Power for the Ram HD 2500 comes from a 5.7-liter HEMI V-8 that is good for 383 hp at 5,600 rpm and 400 lb-ft of torque at 4,000 rpm. It is mated to a five-speed automatic transmission. Optional on the 2500 and standard fare for the 3500 is a 6.7-liter, inline six-cylinder, turbocharged Cummins diesel that cranks out 350 hp at 3,000 rpm and 650 lb-ft of torque at 1,500 rpm. A six-speed manual with a low gear is available, as is a six-speed automatic. Unlike competitors’ urea systems, the Cummins meets 2010 emissions standards using a diesel particulate filter and an adsorber catalyst. Ram Chassis Cab models (3500, 4500 and 5500) feature the same powertrains, but diesels use urea-injection technology.

Backing up the powertrains are four axle ratios (3.42, 3.73, 4.10 and 4.56), a front suspension with larger ball joints and a gross-axle-weight rating of up to 5,550 lb. The Ram HD tows up to 17,600 lb and offers a payload of 5,130 lb.

Though you will not find handy technology like Ford’s Work Solutions system, the new truck has a number of features designed to make it tougher and more useful: new stamped steel fenders on dual rear-wheel beds, tilting trailer tow mirrors, exhaust braking, an integrated trailer brake controller, a four-pin and seven-pin wiring harness, a standard Class IV hitch receiver and a rearview camera. The cab rides on a new hydromount system and includes a heated steering wheel, heated/ cooled seats, and plenty of storage in dual glove boxes, a center console and in-floor cubbies. Many of these items, including exhaust braking and the trailer-brake controller, also can be found on the 2010 Ram Chassis Cab.

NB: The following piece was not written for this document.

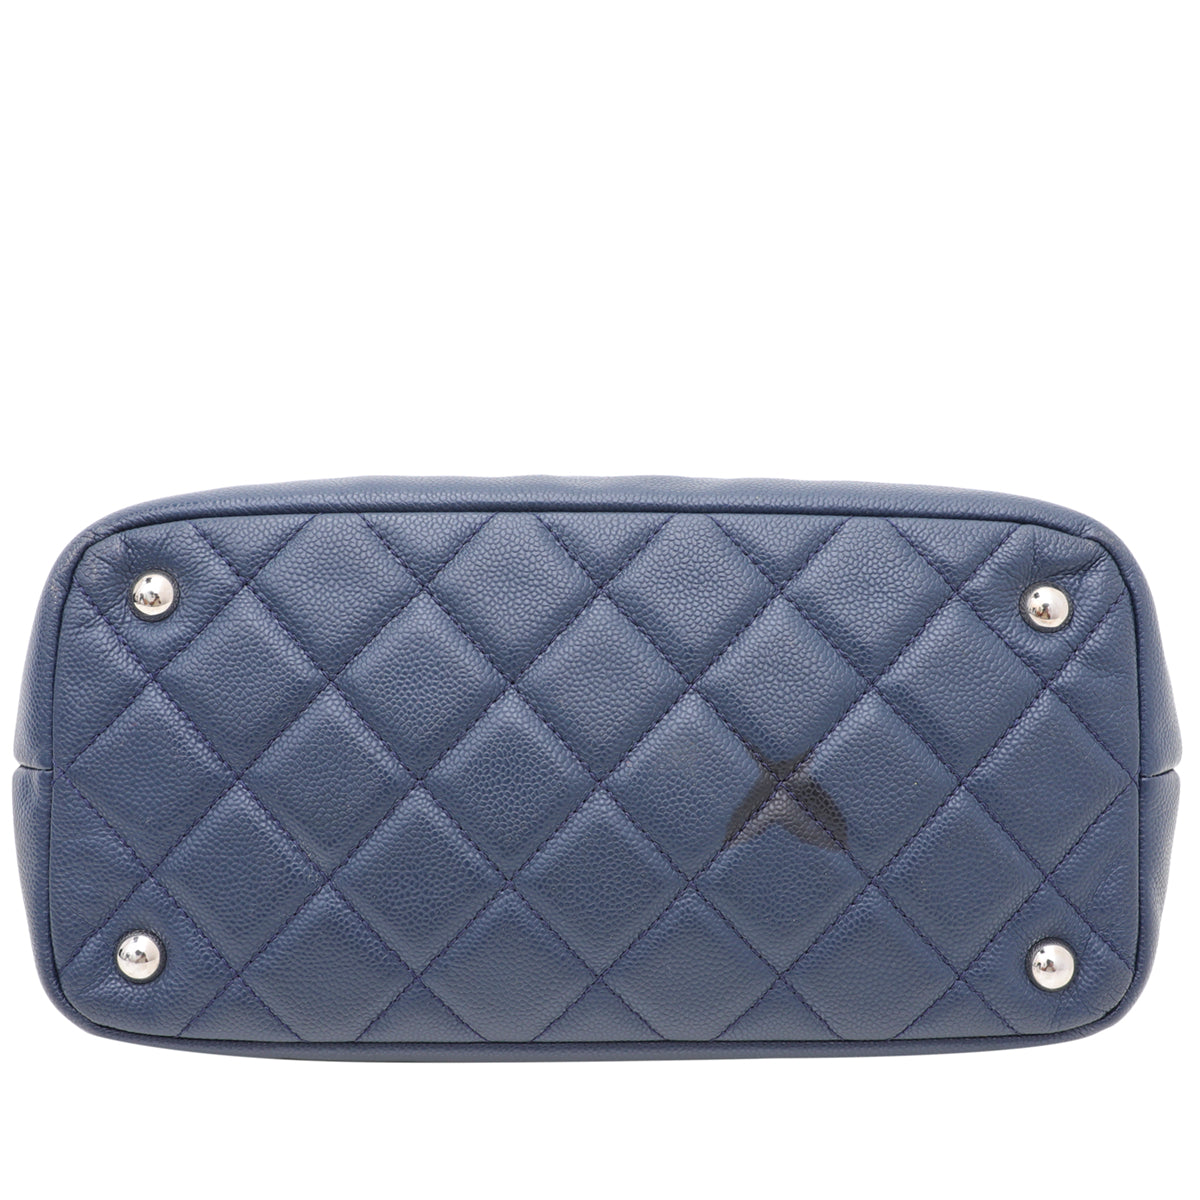 Chanel Navy Blue GST Timeless Shopping Bag

Every Ram HD driven by ENR (Chassis Cabs were not available for testing) had the Cummins engine, which has tremendous torque but is wanting in terms of quick response. Unloaded, the 2500 feels stiff, but the new liquid-filled cab mounts and supportive seats provide a commendable level of ride comfort. Hook a fifth-wheel trailer weighing about 16,300 lb, and you definitely will feel the diesel work, but the electronic range select allows the driver to manually hold a gear and prevent premature upshifts. Better yet, activate the tow/haul mode and exhaust braking feature (with a button on the dash), and you will get help minimizing downhill speeds. With all systems activated, ENR was able to descend a small hill without even touching the brake pedal.